Как раз в этот момент к пожарищу подкатил красный автомобиль Лосберга. Не открывая дверцы, Рихард перемахнул через борт машины, пробился сквозь толпу к бьющейся в руках женщин Марте:

– Что? Что такое?!

Она смотрела на него помутневшими от ужаса глазами:

– Отец!

Рихард оглянулся на гудящий пламенем дом и все понял. Лишь одно мгновение владели им отчаяние и нерешительность.

– Какого же черта!.. – хрипло выкрикнул он. И вдруг бросился к Калниньшу, сорвал с него брезентовую куртку, выхватил у Зенты платок, обмотал голову. Воды!

На молодого Лосберга выплеснули несколько ведер воды, и он ринулся в огонь. Все происходящее было настолько фантастичным, разворачивалось в таком стремительном темпе, что Марта невольно переключила свое внимание на Рихарда. Схватив Бируту за руку, она с силой потащила ее к огню.

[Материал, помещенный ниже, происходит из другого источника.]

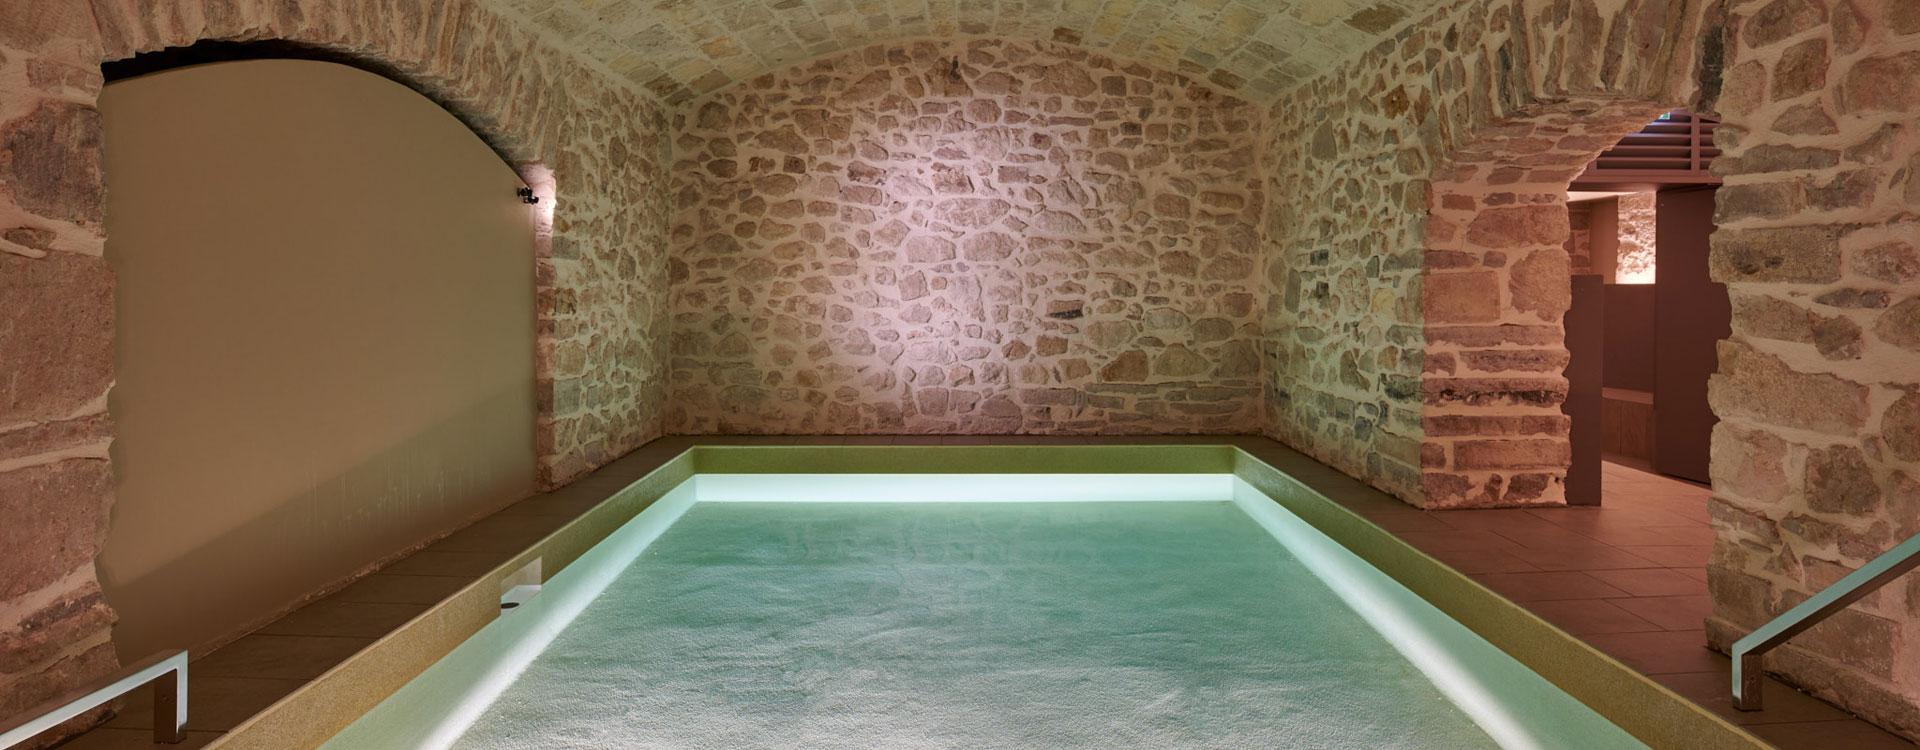 splendid spa dax - flotarium

Еще раз подалась и хрустнула крыша. Продержалась несколько томительных секунд и, заглушая крики ужаса, с обвальным грохотом рухнула вниз. Огненные круги поплыли перед глазами Марты. Она покачнулась, подняла руки, словно пытаясь за что-то ухватиться.

Калниньш вздохнул, потянул с головы шапку, да так и застыл: из густых, заволокших подворье клубов дыма показался Рихард. Обхватив бесчувственного, тяжелого, как мешок, Озолса, он упорно, шаг за шагом, волок его за собой. Опомнившись, рыбаки бросились к ним, сбивая шапками пламя с горящей одежды, плеская ведрами воду. Рихард каким-то чудом еще держался на ногах, жадно хватал ртом воздух. Его хотели подхватить, но он отстранился и только показал обгорелой, вздувшейся волдырями рукой на лежащего Озолса:

– В машину… быстро, – и побрел, шатаясь, сквозь почтительно расступившуюся толпу.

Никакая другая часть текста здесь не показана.